• [Recorded information]:
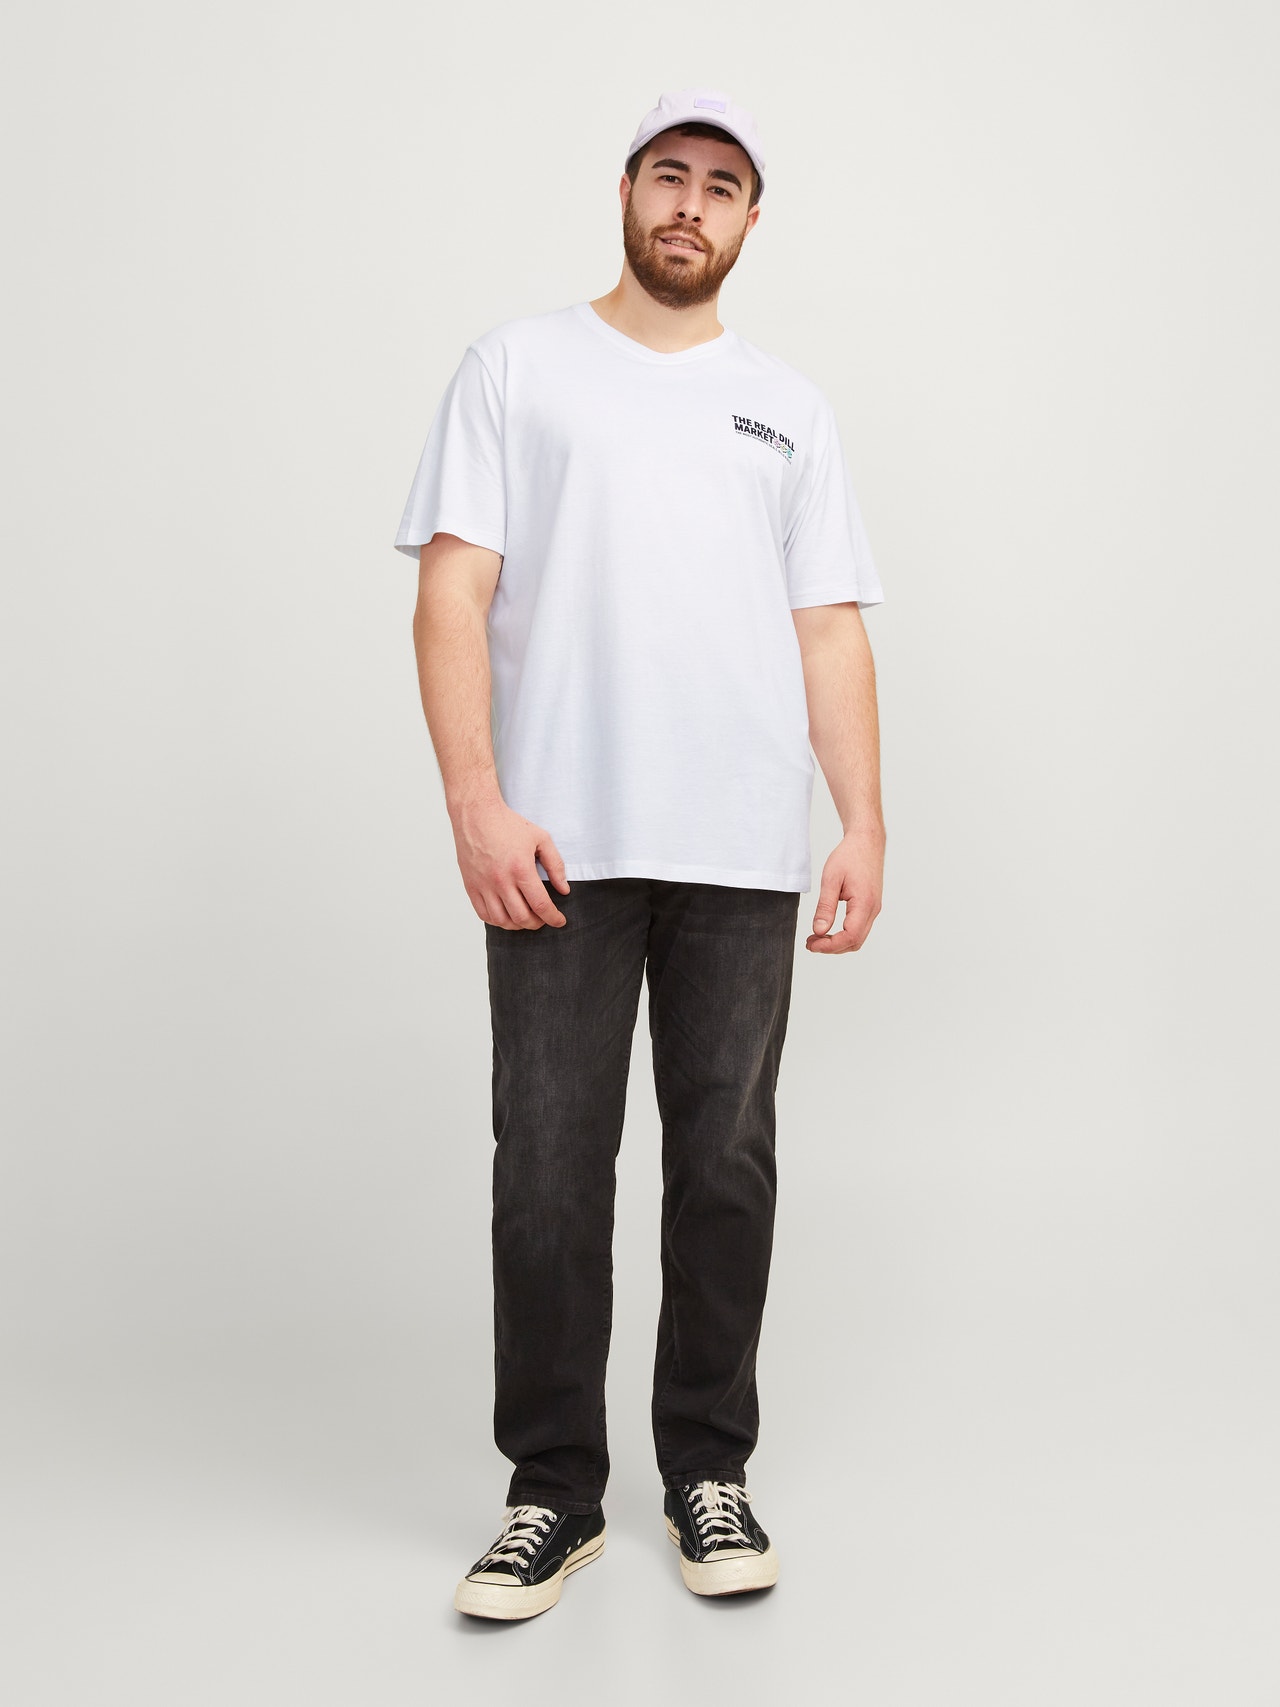 Jack & Jones Plus Size Printed T-shirt -Bright White - 12257565
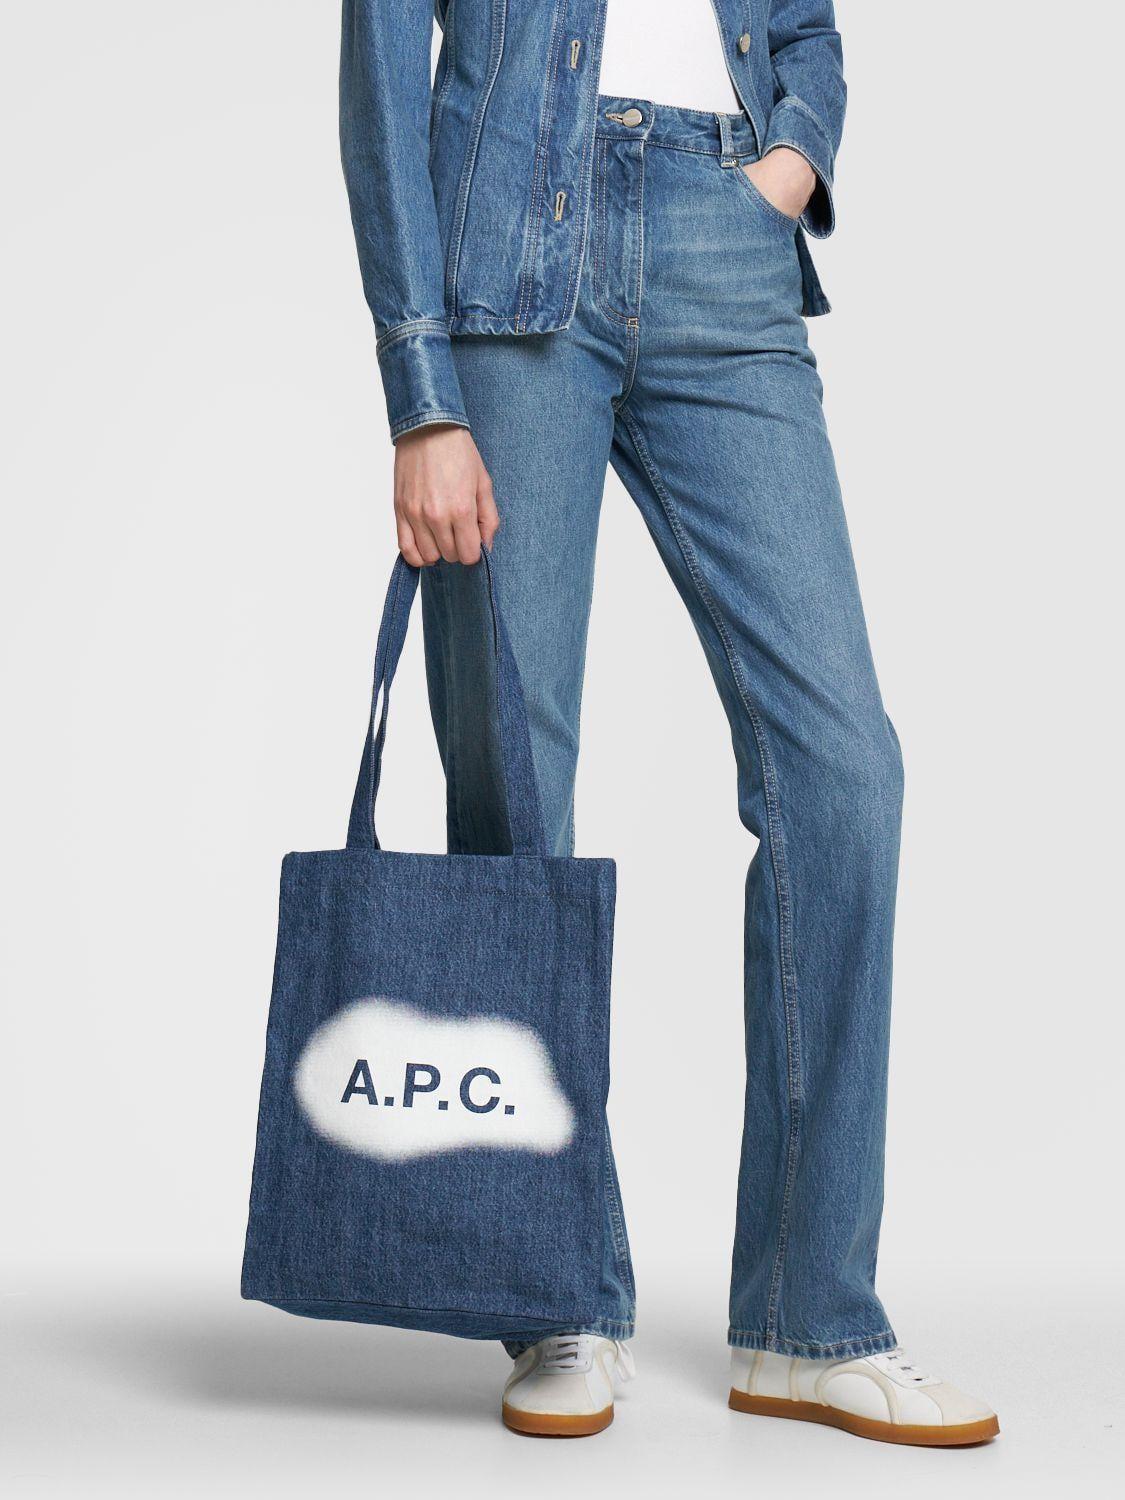 A.P.C. Lou Washed Denim Tote Bag in Blue | Lyst
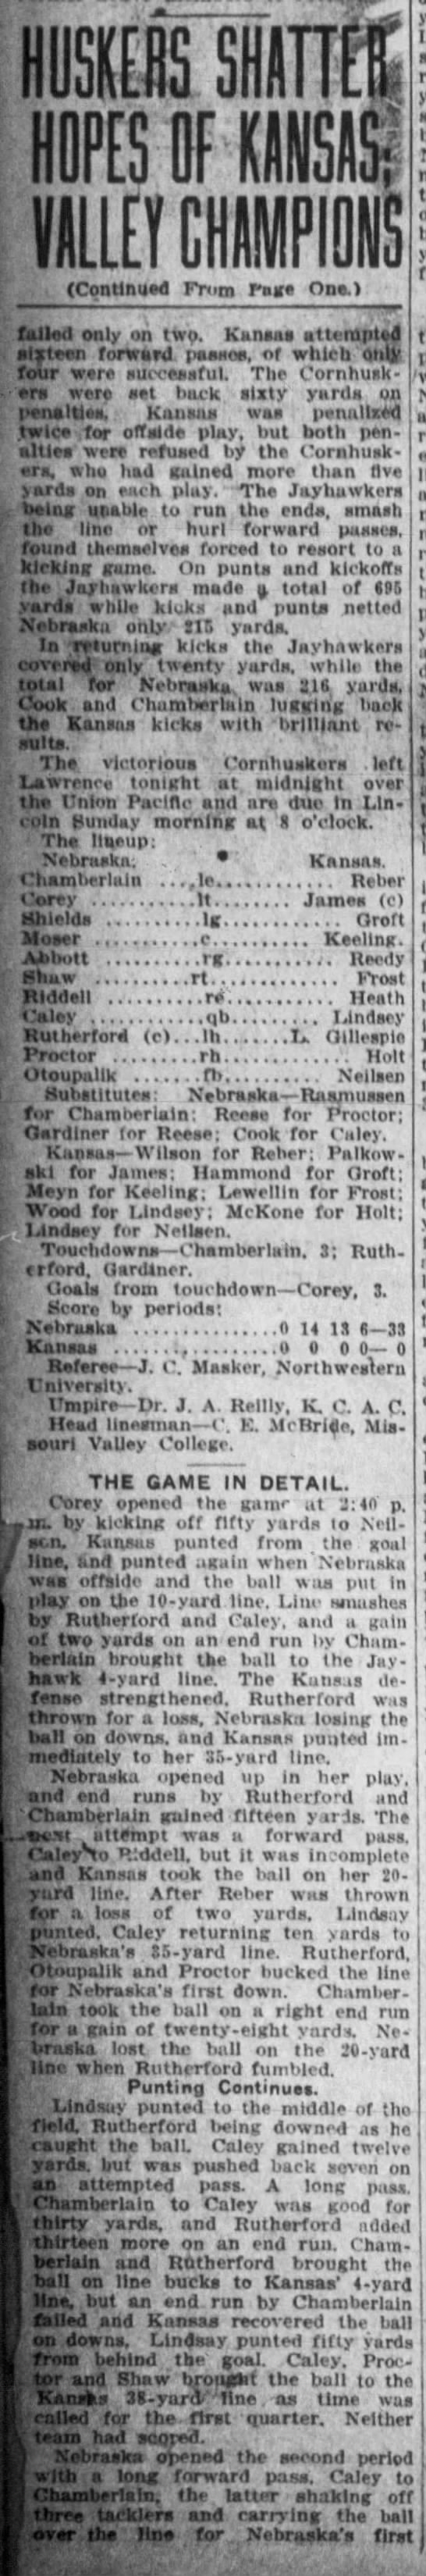 1915 Nebraska-Kansas part 2 - 
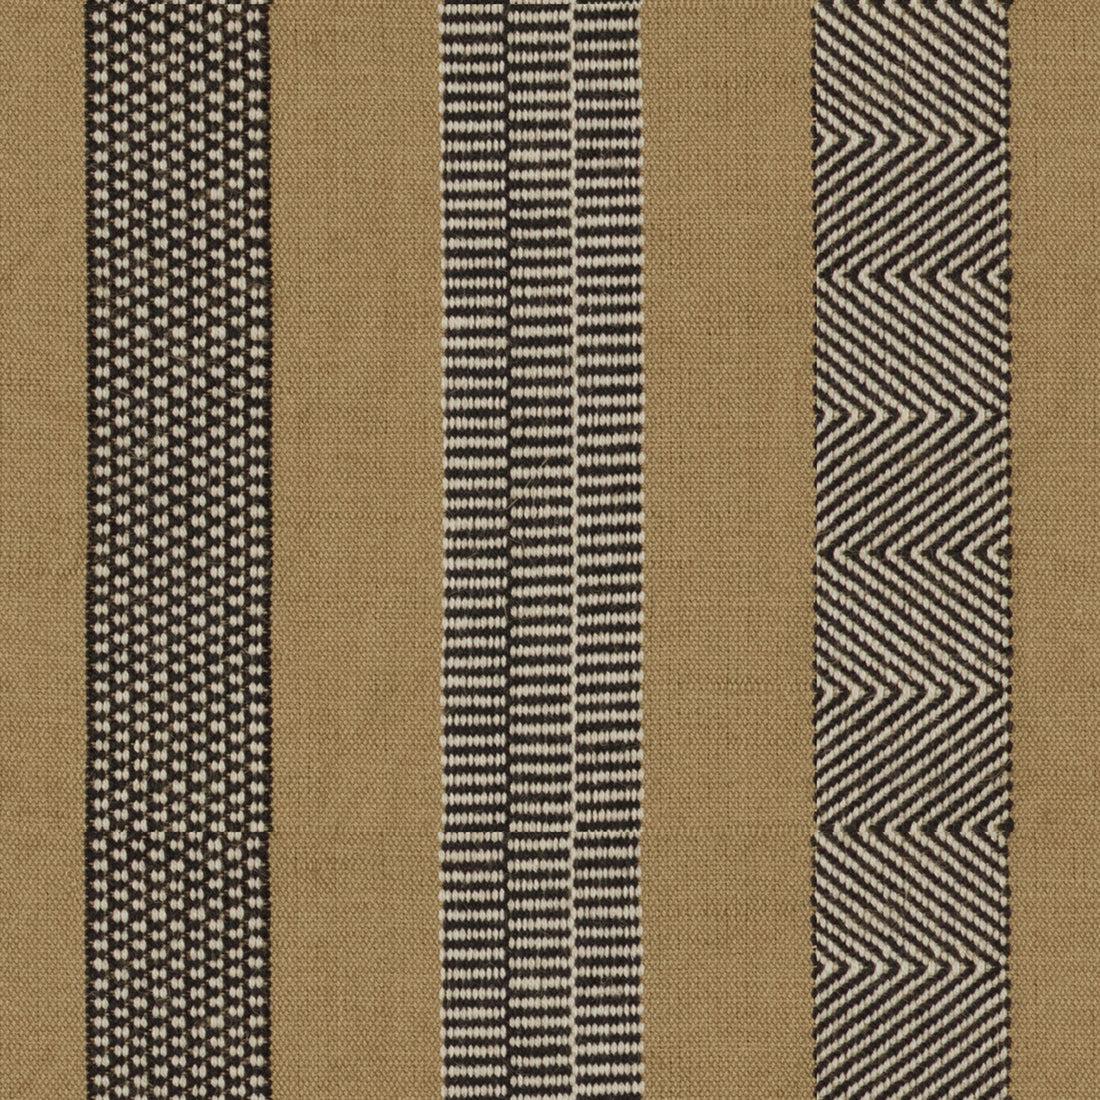 Berber fabric in camel/onyx color - pattern 2017100.168.0 - by Lee Jofa in the Oscar De La Renta III collection

• [Problem requirements]:
The listing above is to be retyped word for word, with the pictures omitted.

• [Solved problem]:
 Jack & Jones Plus Size Printed T-shirt -Bright White - 12257565
 A.P.C. Lou Washed Denim Tote Bag in Blue | Lyst
 1915 Nebraska-Kansas part 2 - 
 Berber fabric in camel/onyx color - pattern 2017100.168.0 - by Lee Jofa in the Oscar De La Renta III collection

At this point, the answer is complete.